* **DESCRIPTION OF THE TASK**
Would you repeat the entries below word for word and omit the pictures?

* **SOURCE MATERIAL**
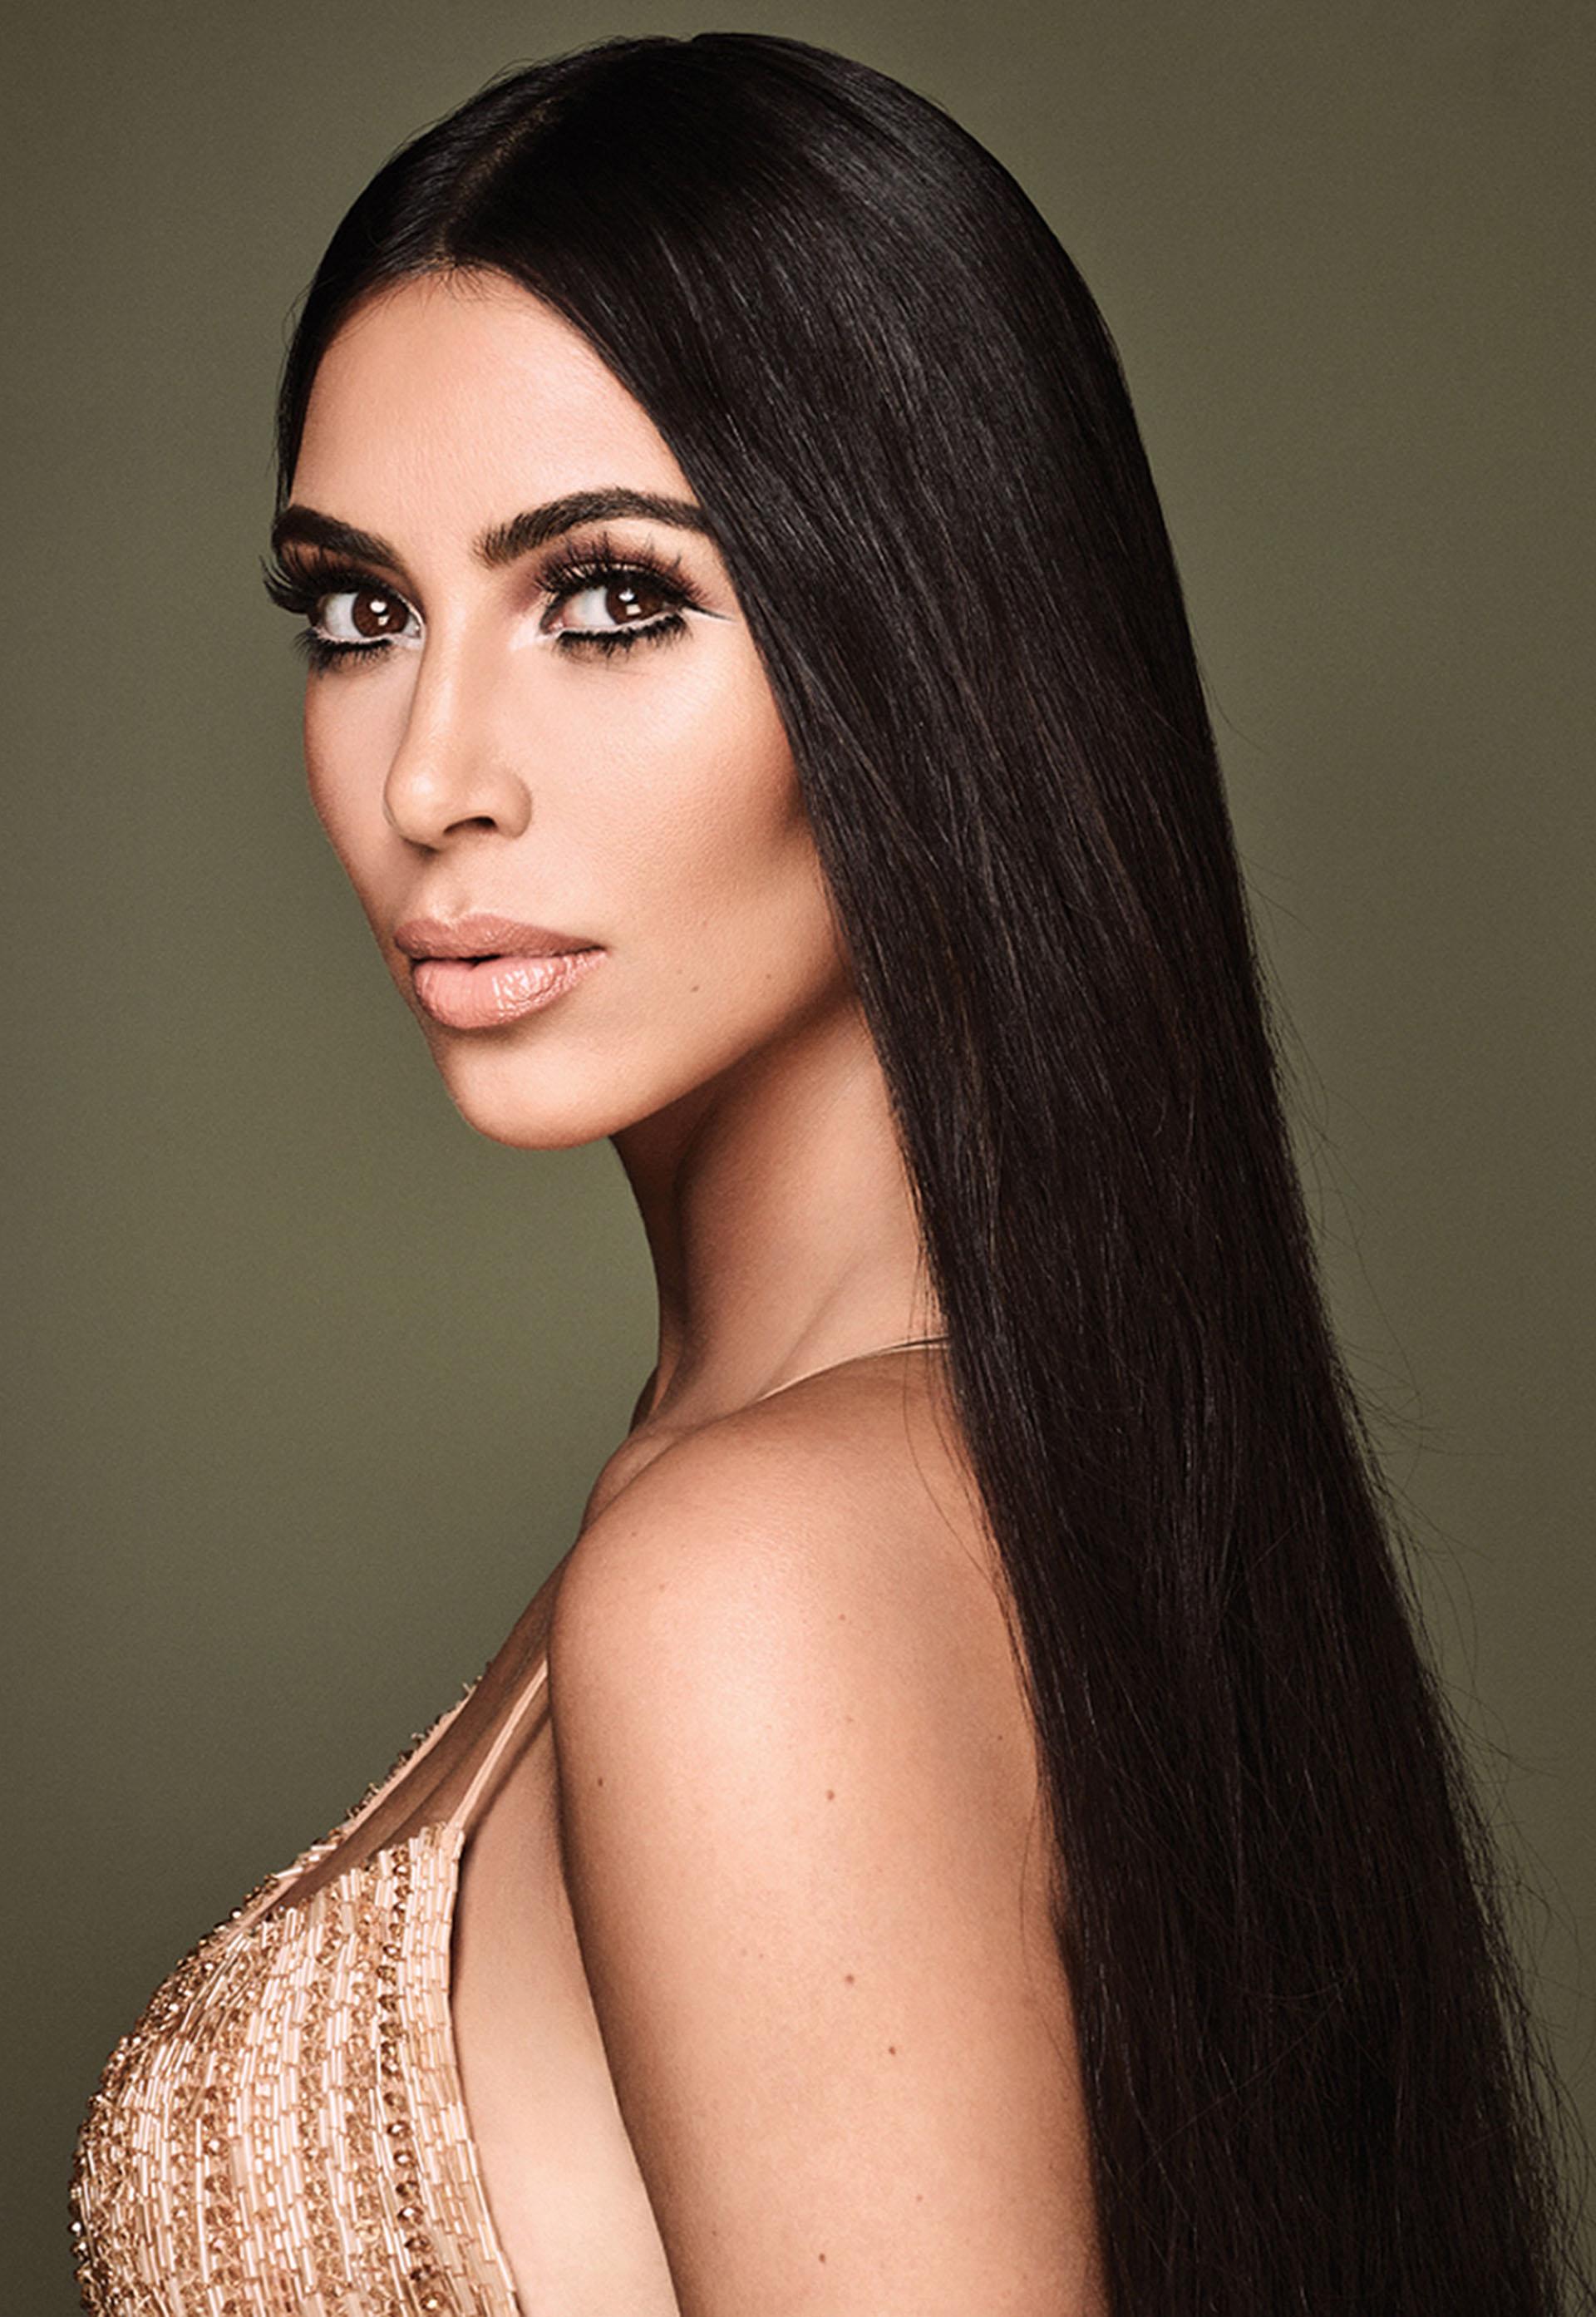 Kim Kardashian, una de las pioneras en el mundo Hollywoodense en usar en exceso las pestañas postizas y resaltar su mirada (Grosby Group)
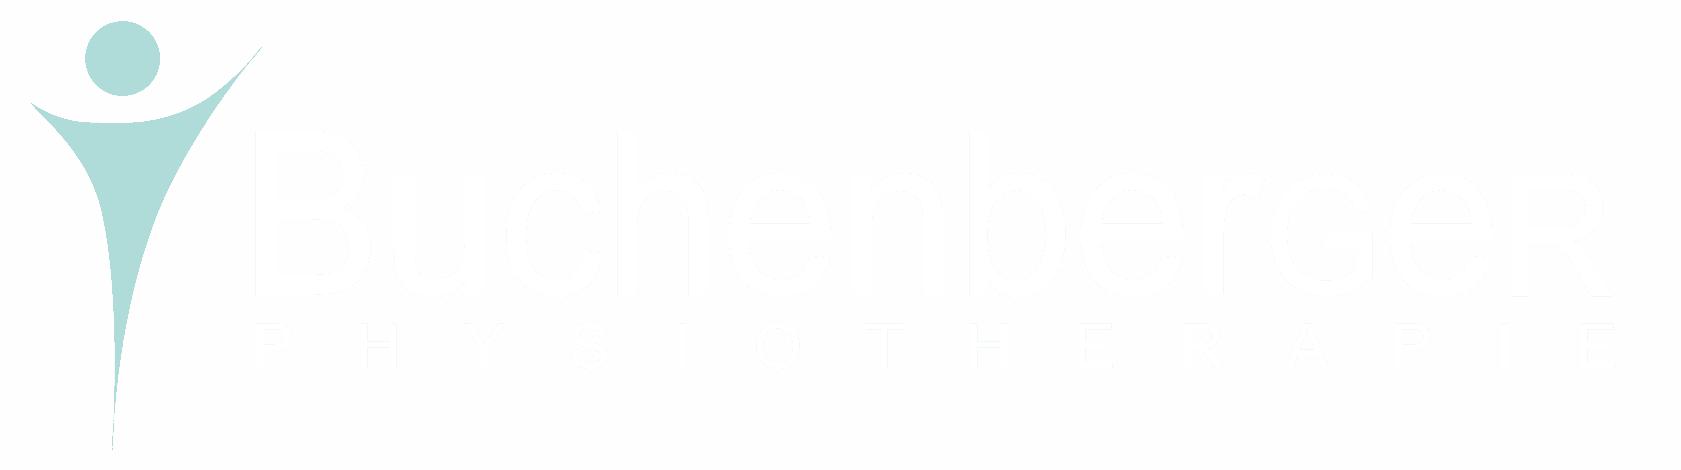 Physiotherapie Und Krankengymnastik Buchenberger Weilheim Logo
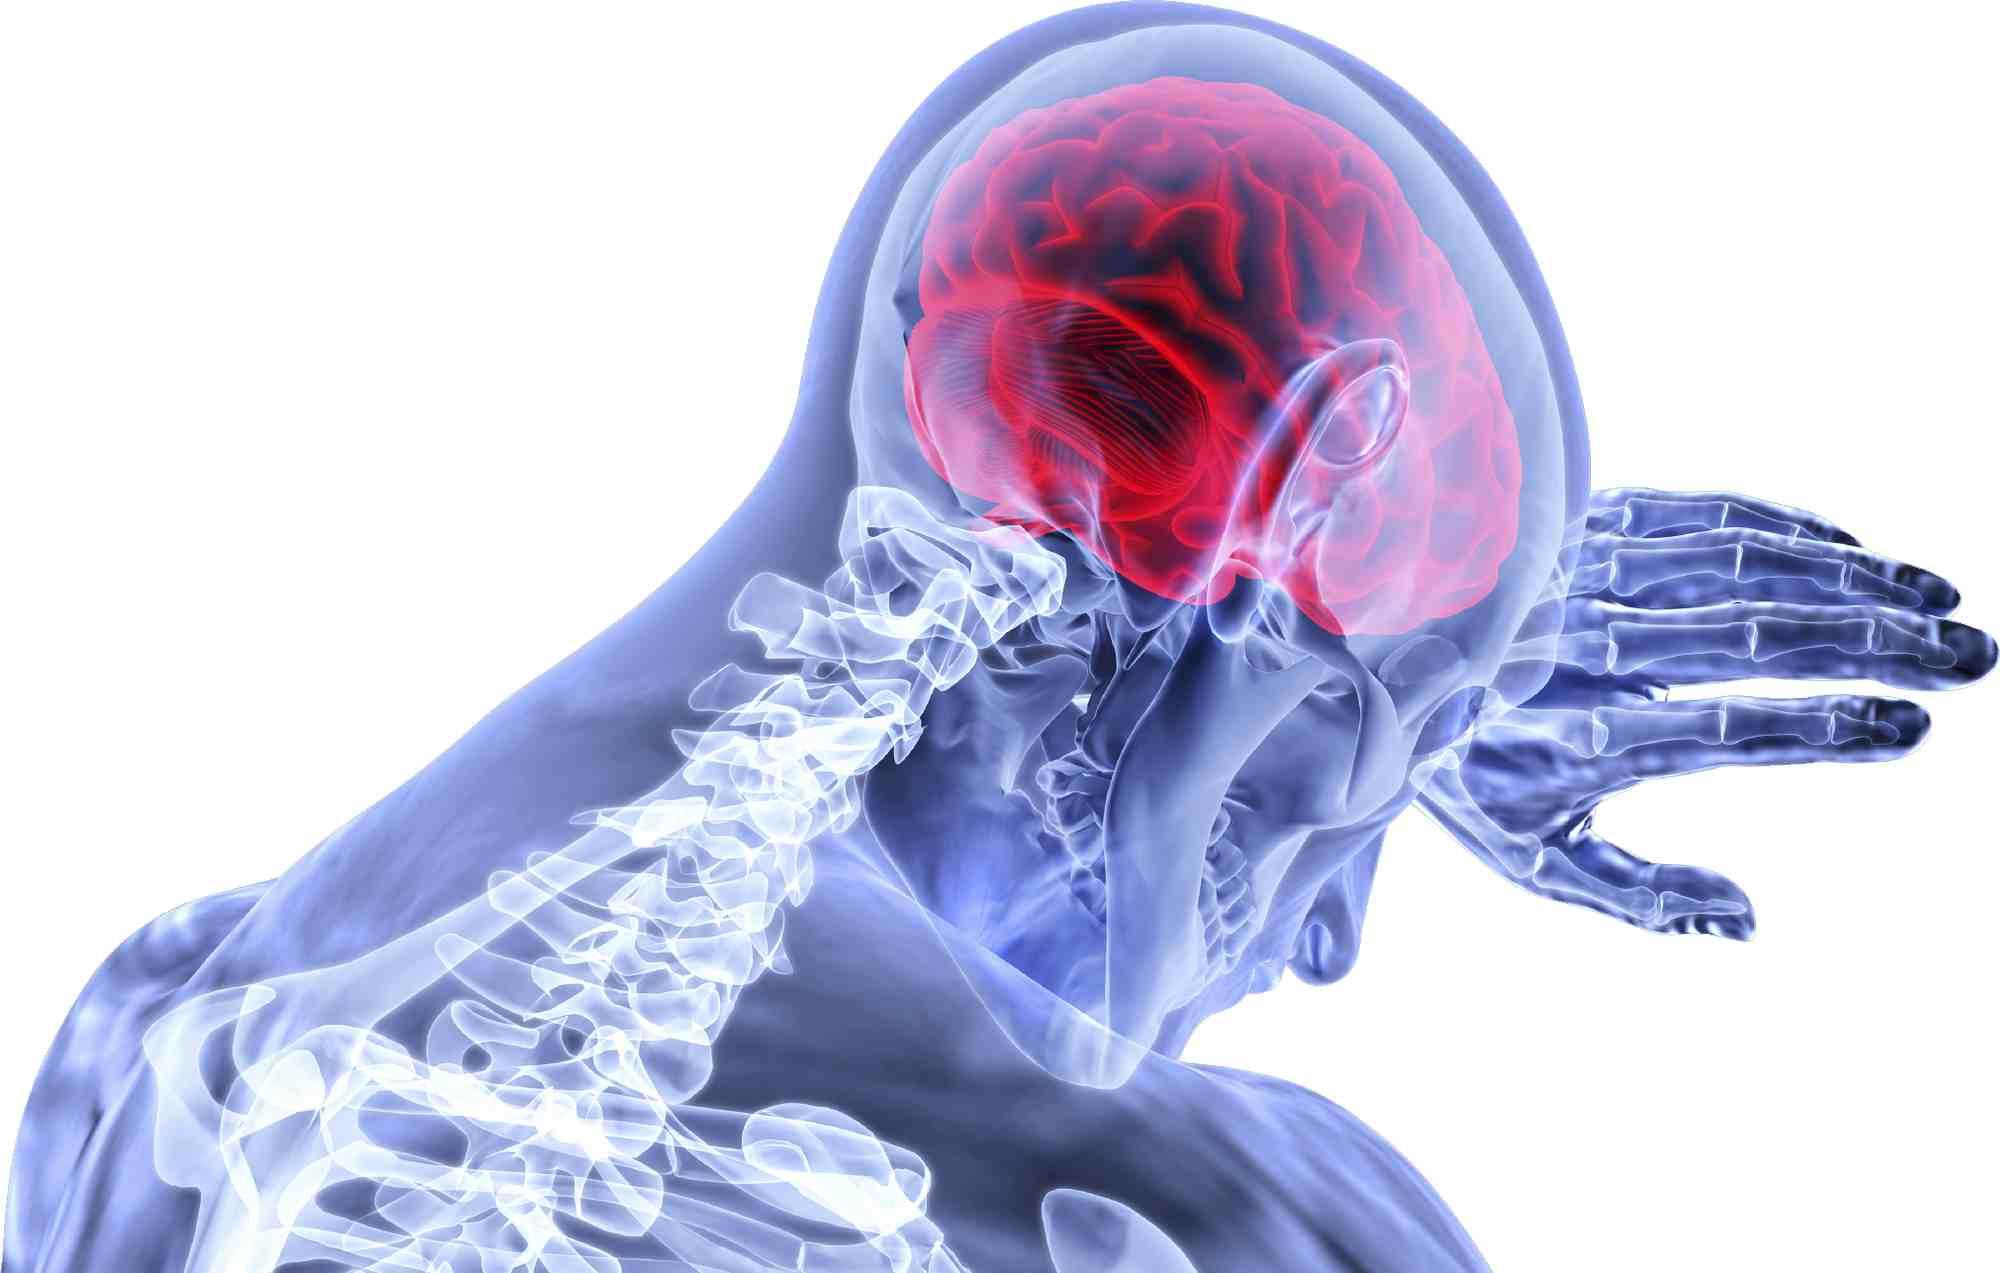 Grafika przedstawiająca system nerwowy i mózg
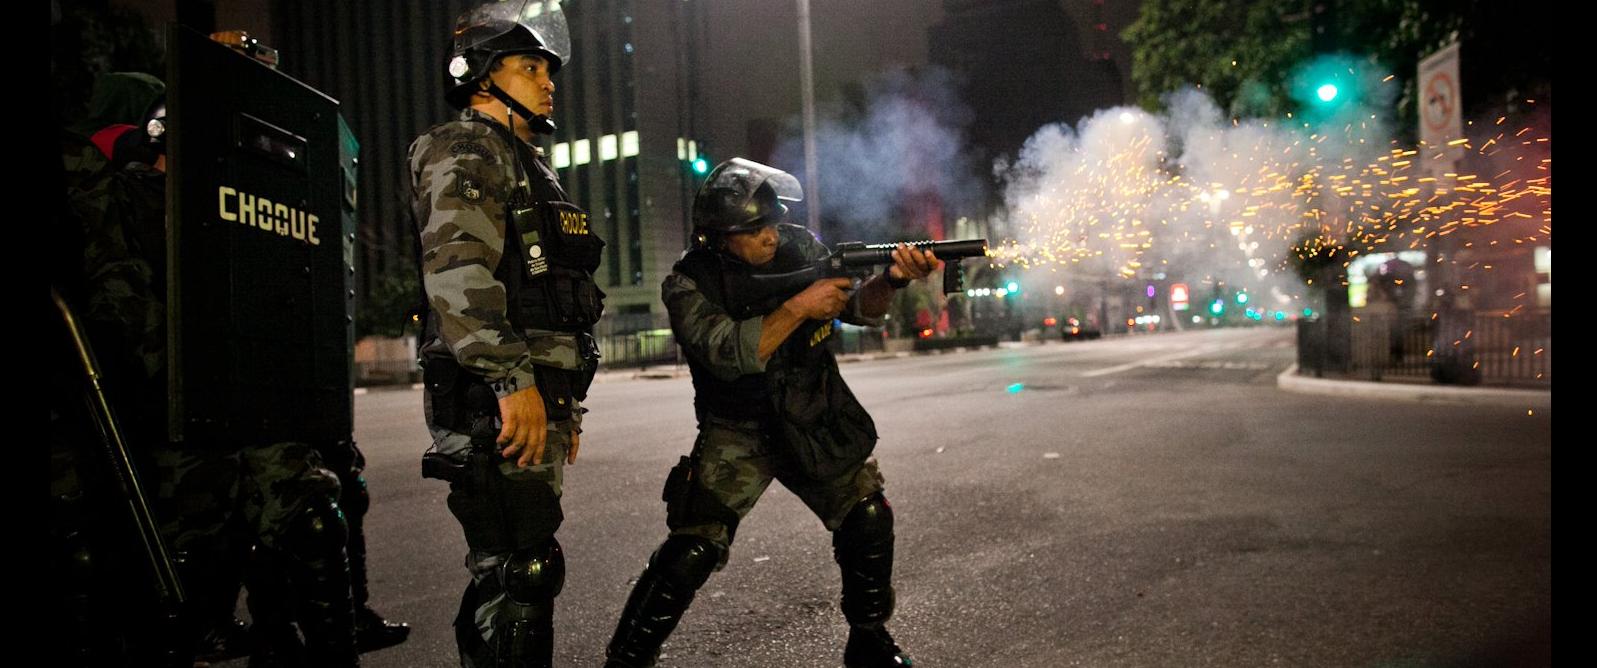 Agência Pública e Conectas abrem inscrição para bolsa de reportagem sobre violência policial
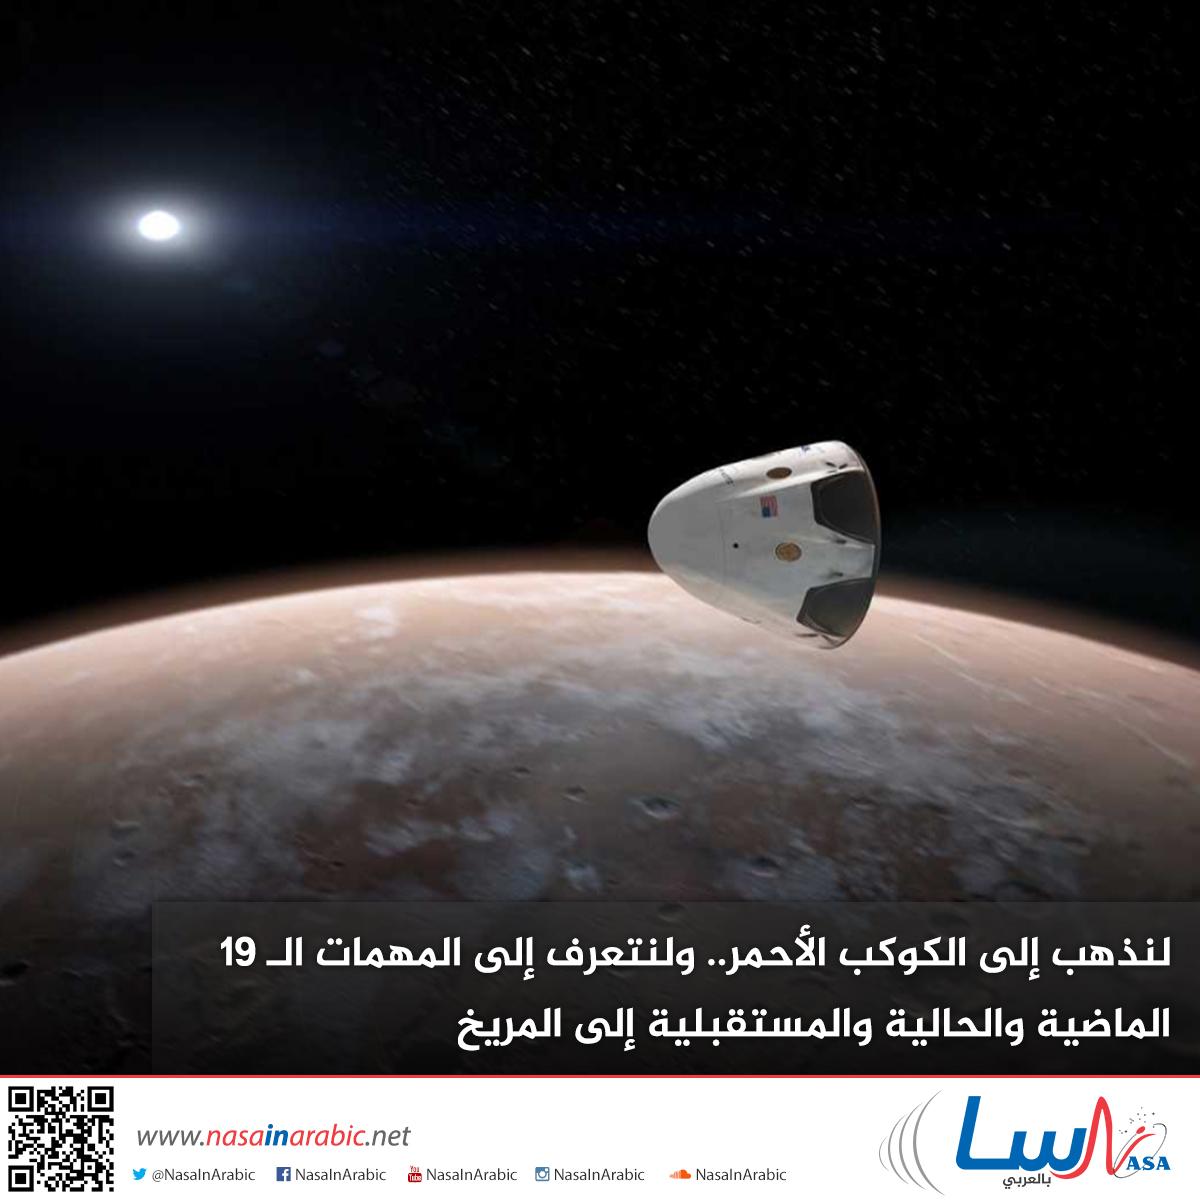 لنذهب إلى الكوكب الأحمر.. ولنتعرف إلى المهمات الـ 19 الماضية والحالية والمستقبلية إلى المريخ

* **WORKED SOLUTION**
 Kim Kardashian, una de las pioneras en el mundo Hollywoodense en usar en exceso las pestañas postizas y resaltar su mirada (Grosby Group)
 Physiotherapie Und Krankengymnastik Buchenberger Weilheim Logo
 Grafika przedstawiająca system nerwowy i mózg
 Agência Pública e Conectas abrem inscrição para bolsa de reportagem sobre violência policial
 لنذهب إلى الكوكب الأحمر.. ولنتعرف إلى المهمات الـ 19 الماضية والحالية والمستقبلية إلى المريخ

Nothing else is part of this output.